The editor of Downcodes will introduce you to a latest research from the Technical University of Darmstadt in Germany. This study used the Bongard problem as a test tool to evaluate the performance of the current state-of-the-art AI image model in simple visual reasoning tasks. The research results are surprising. Even the accuracy of top multi-modal models like GPT-4o is far lower than expected, which triggers a deep reflection on the existing AI visual ability evaluation standards.

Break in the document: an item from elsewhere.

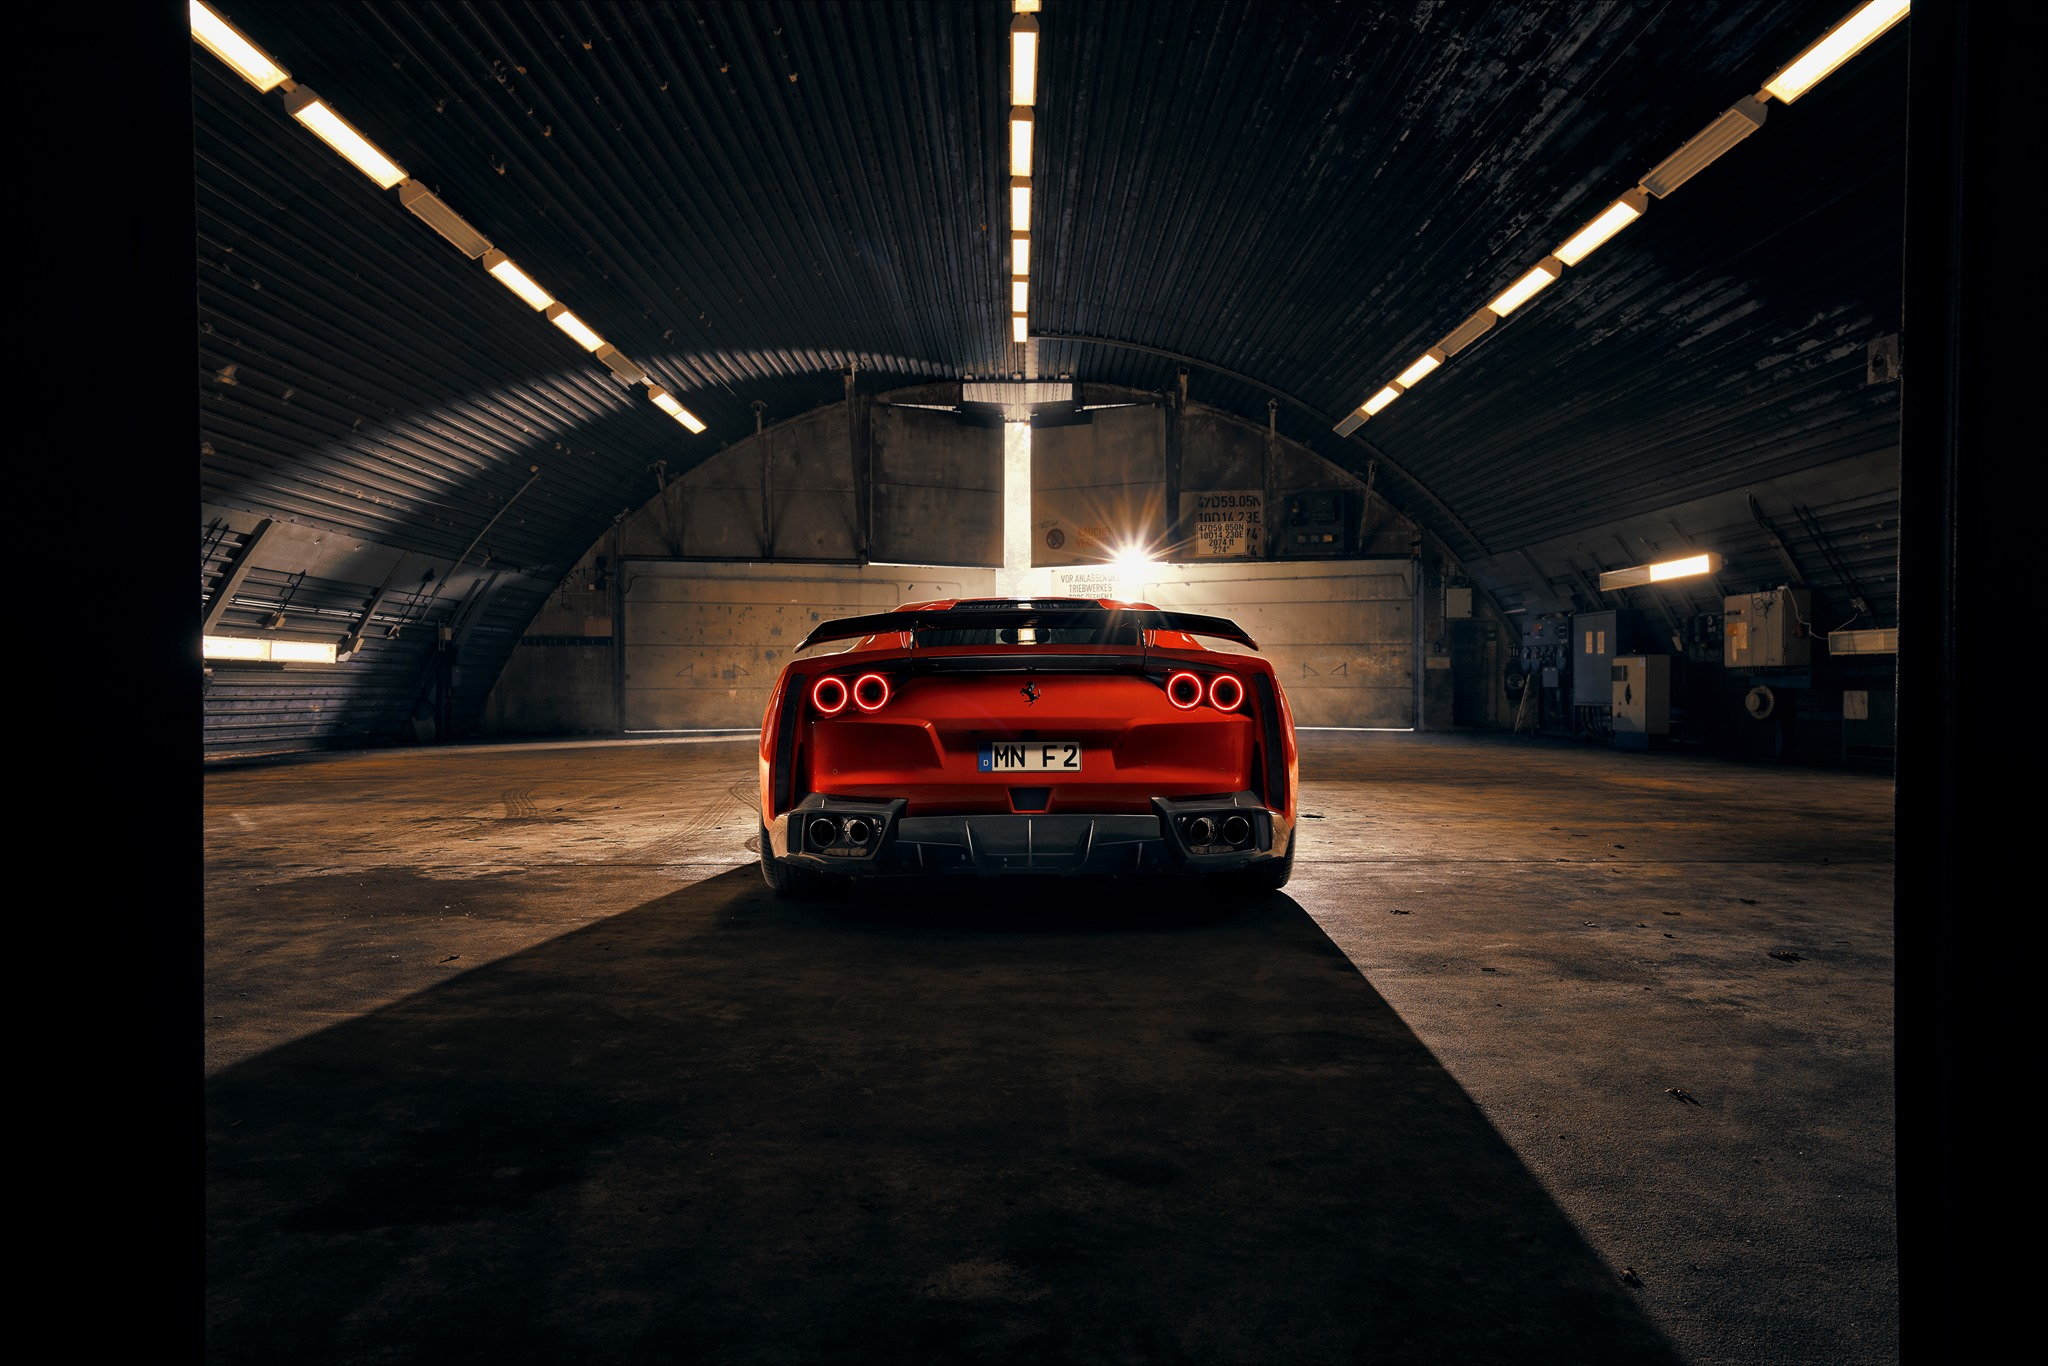 Ferrari-812-Superfast-N-Largo-by-Novitec-12

The latest research from the Technical University of Darmstadt in Germany reveals a thought-provoking phenomenon: even the most advanced AI image models can make significant mistakes when faced with simple visual reasoning tasks. The results of this research put forward new thinking on the evaluation standards of AI visual ability.
The research team used the Bongard problem designed by Russian scientist Michail Bongard as a testing tool. This type of visual puzzle consists of 12 simple images divided into two groups and requires identifying the rules that distinguish the two groups. This abstract reasoning task is not difficult for most people, but the AI model's performance was surprising.
Even the multi-modal model GPT-4o, currently considered the most advanced, successfully solved only 21 out of 100 visual puzzles. The performance of other well-known AI models such as Claude, Gemini and LLaVA is even less satisfactory. These models show significant difficulty in identifying basic visual concepts such as vertical and horizontal lines, or judging the direction of a spiral.
The researchers found that even when multiple choices were provided, the AI model's performance improved only slightly. Only under strict restrictions on the number of possible answers did GPT-4 and Claude improve their success rates to 68 and 69 puzzles respectively. Through in-depth analysis of four specific cases, the research team found that AI systems sometimes have problems at the basic visual perception level before reaching the thinking and reasoning stage, but the specific reasons are still difficult to determine.
This research also triggers reflection on the evaluation criteria of AI systems. The research team pointed out: Why do visual language models perform well on established benchmarks but struggle with the seemingly simple Bongard problem? How meaningful are these benchmarks in assessing real-world reasoning capabilities? These questions are asked , suggesting that the current AI evaluation system may need to be redesigned to more accurately measure AI’s visual reasoning capabilities.
This research not only demonstrates the limitations of current AI technology, but also points the way for the future development of AI visual capabilities. It reminds us that while we cheer for the rapid progress of AI, we must also clearly realize that there is still room for improvement in basic cognitive capabilities of AI.
This research clearly shows that AI models still have a lot of room for improvement in visual reasoning, and more effective evaluation methods and technological breakthroughs are needed in the future to improve AI's cognitive capabilities. The editor of Downcodes will continue to pay attention to the cutting-edge progress in the field of AI and bring you more exciting reports.